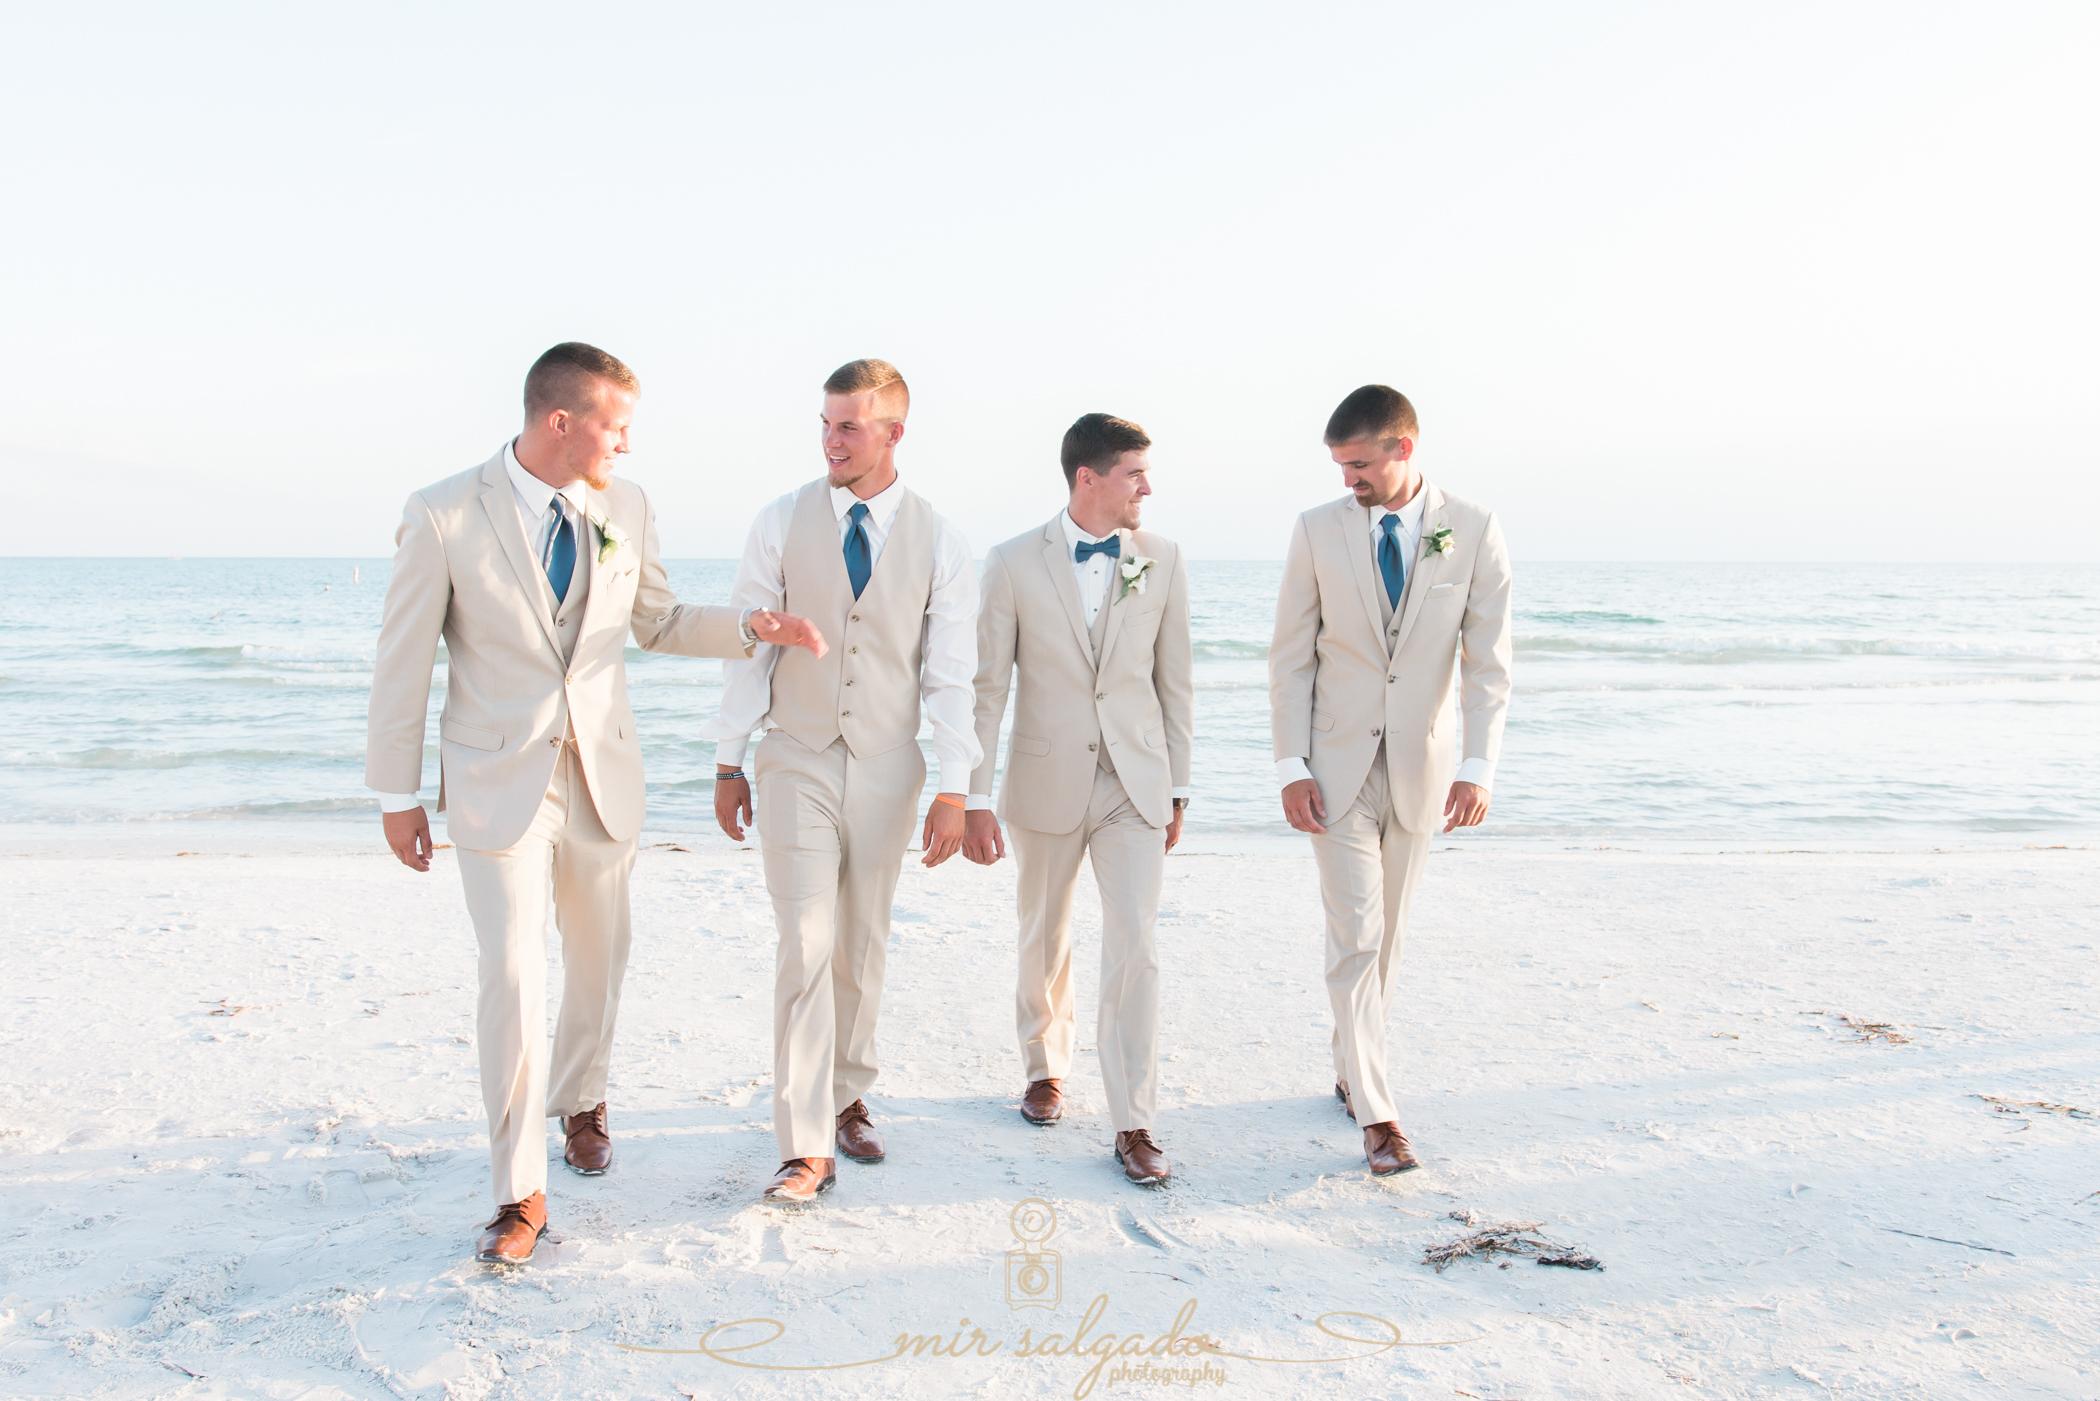 groom-and-groomsmen-photo, beach-wedding-photographer, Florida-wedding-photographer
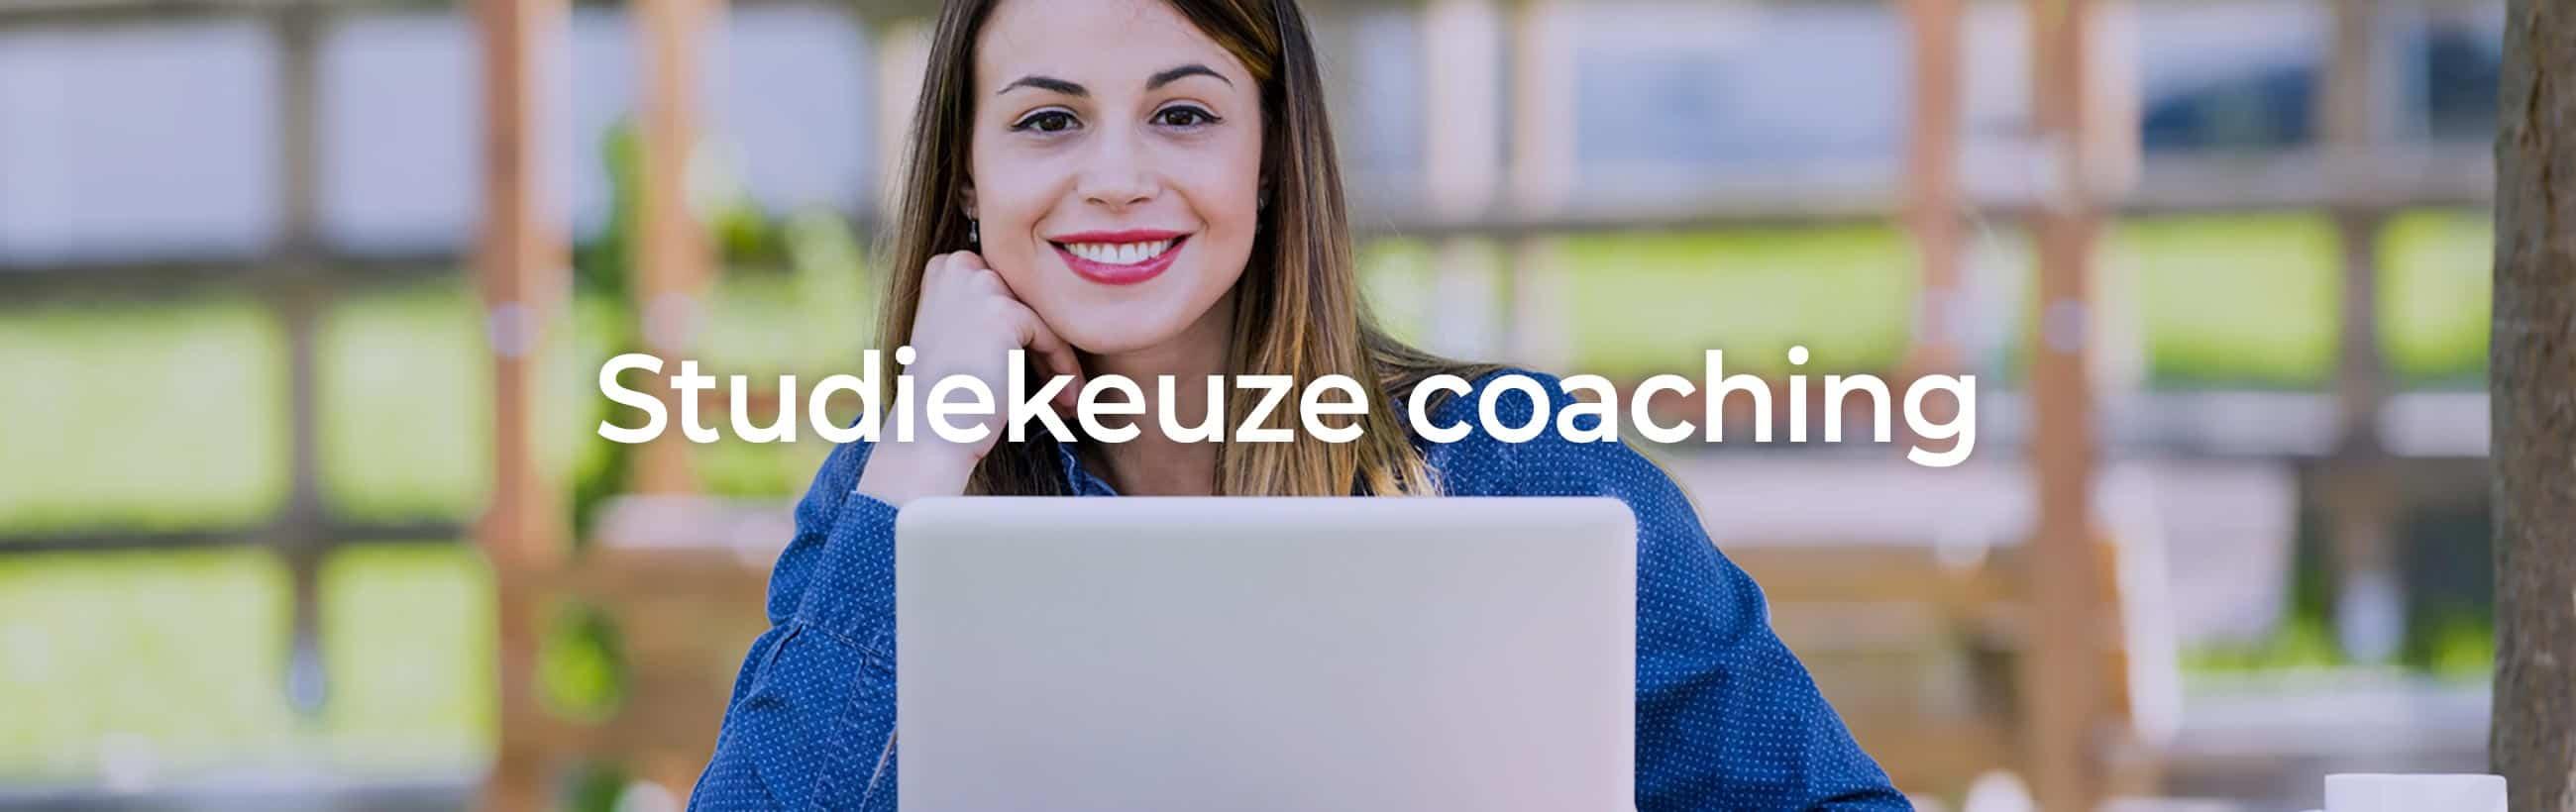 Studiekeuze coaching - Blueberry Hill
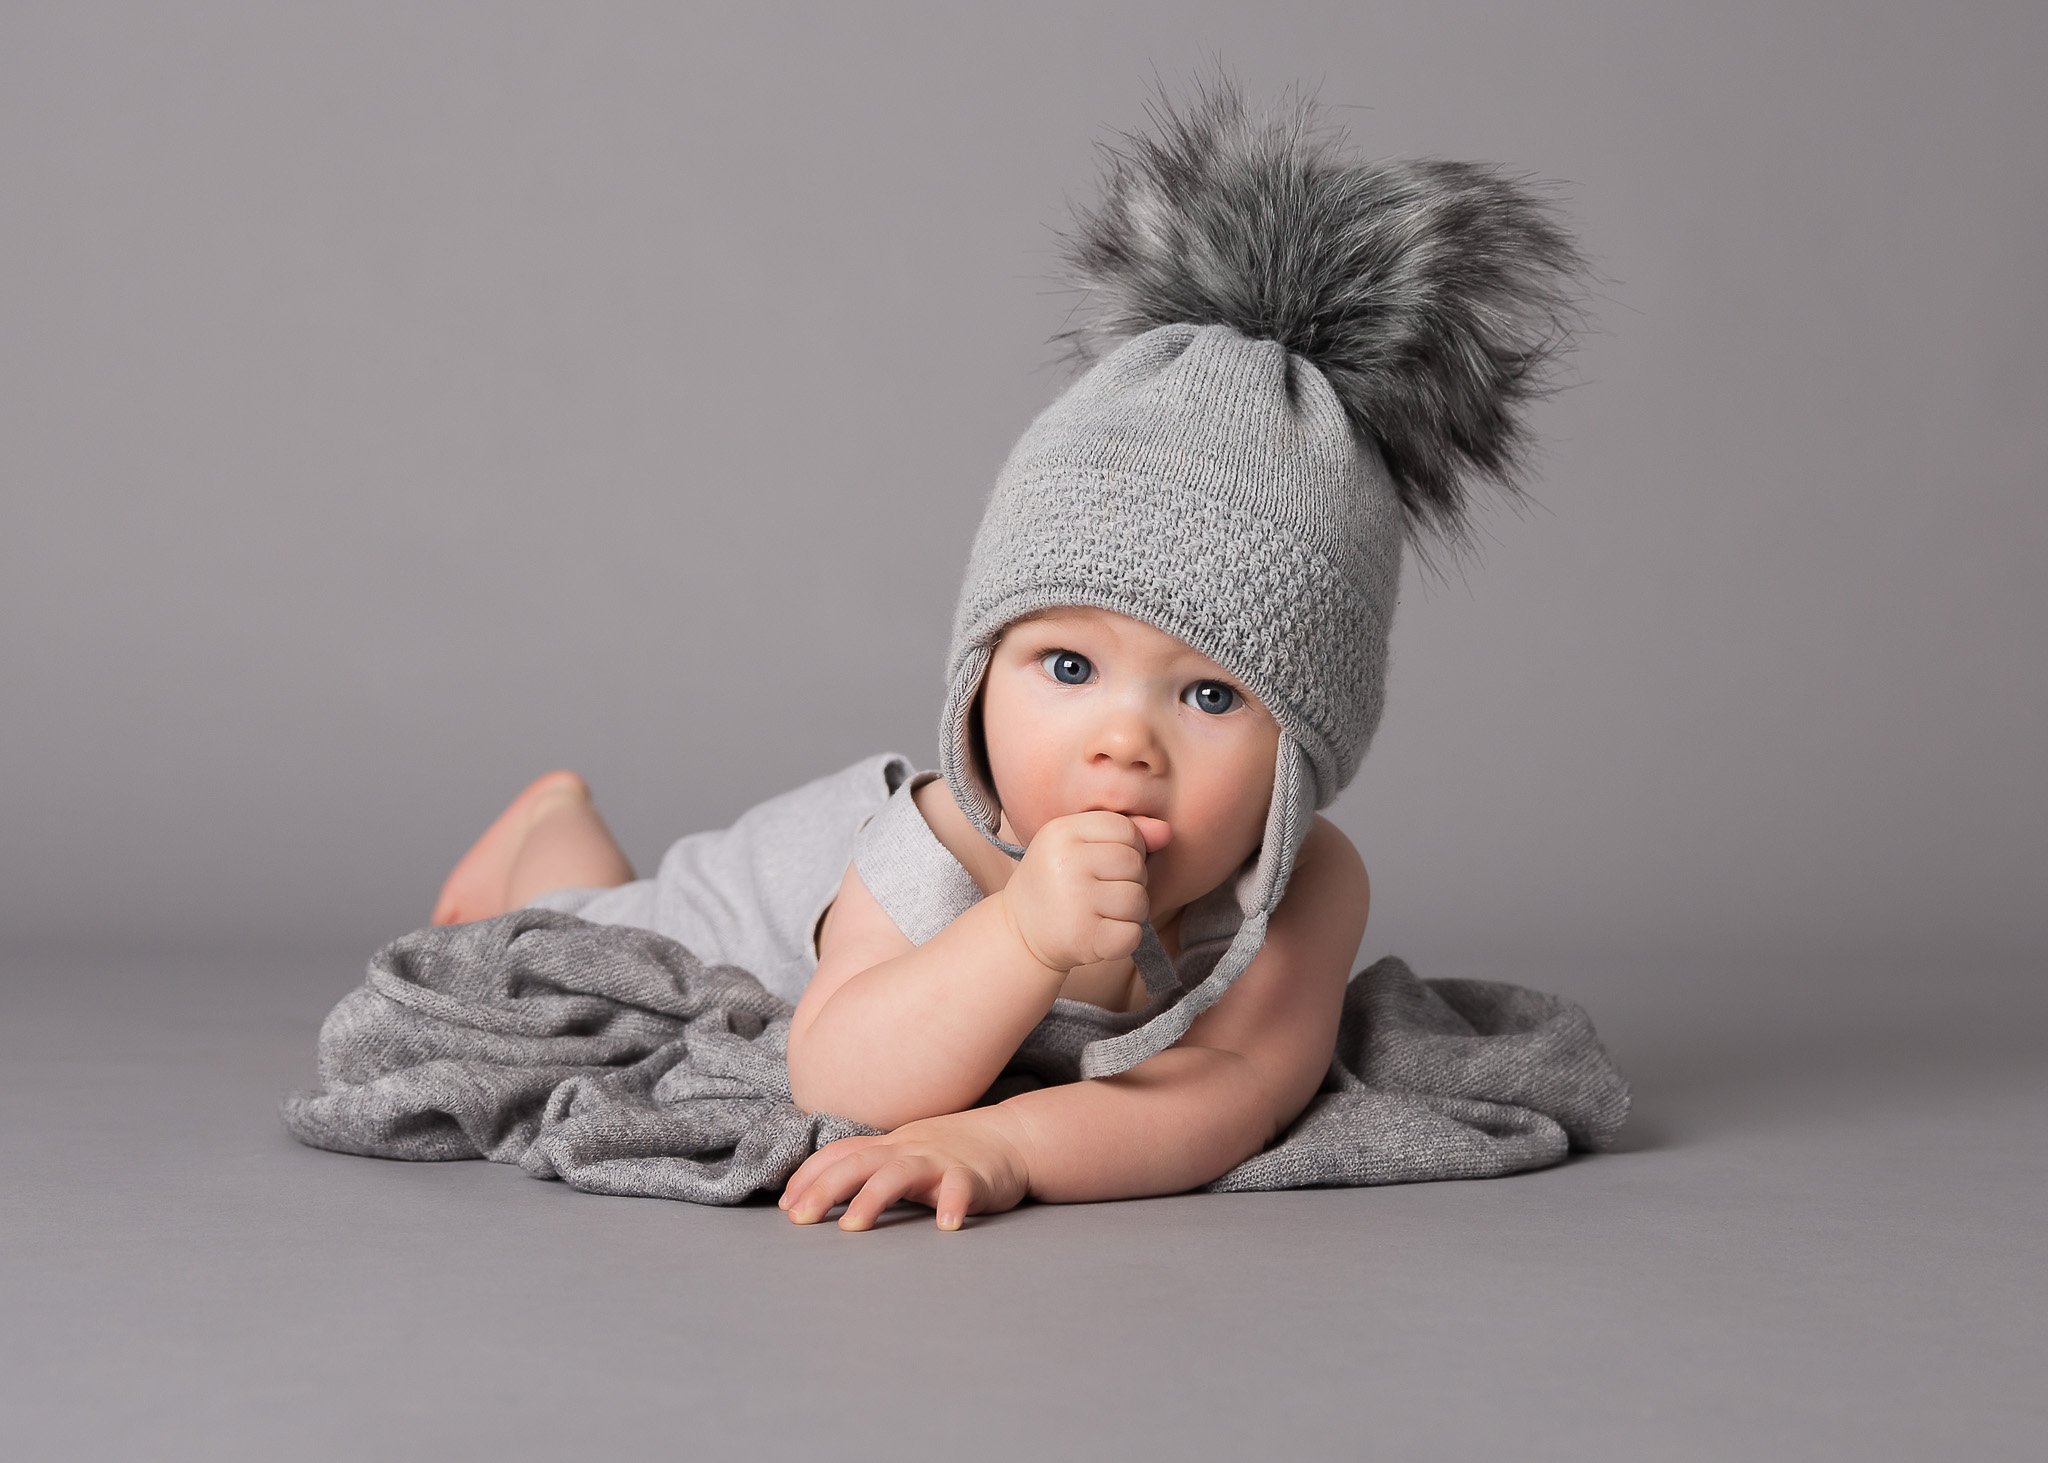 aberdeen baby photographer banchory photographer
----
ASSIGNMENT -
The data above is to be printed exactly, all of it, except for the pictures.

ANSWER -
 groom-and-groomsmen-photo, beach-wedding-photographer, Florida-wedding-photographer
 Studiekeuze coaching - Blueberry Hill
 aberdeen baby photographer banchory photographer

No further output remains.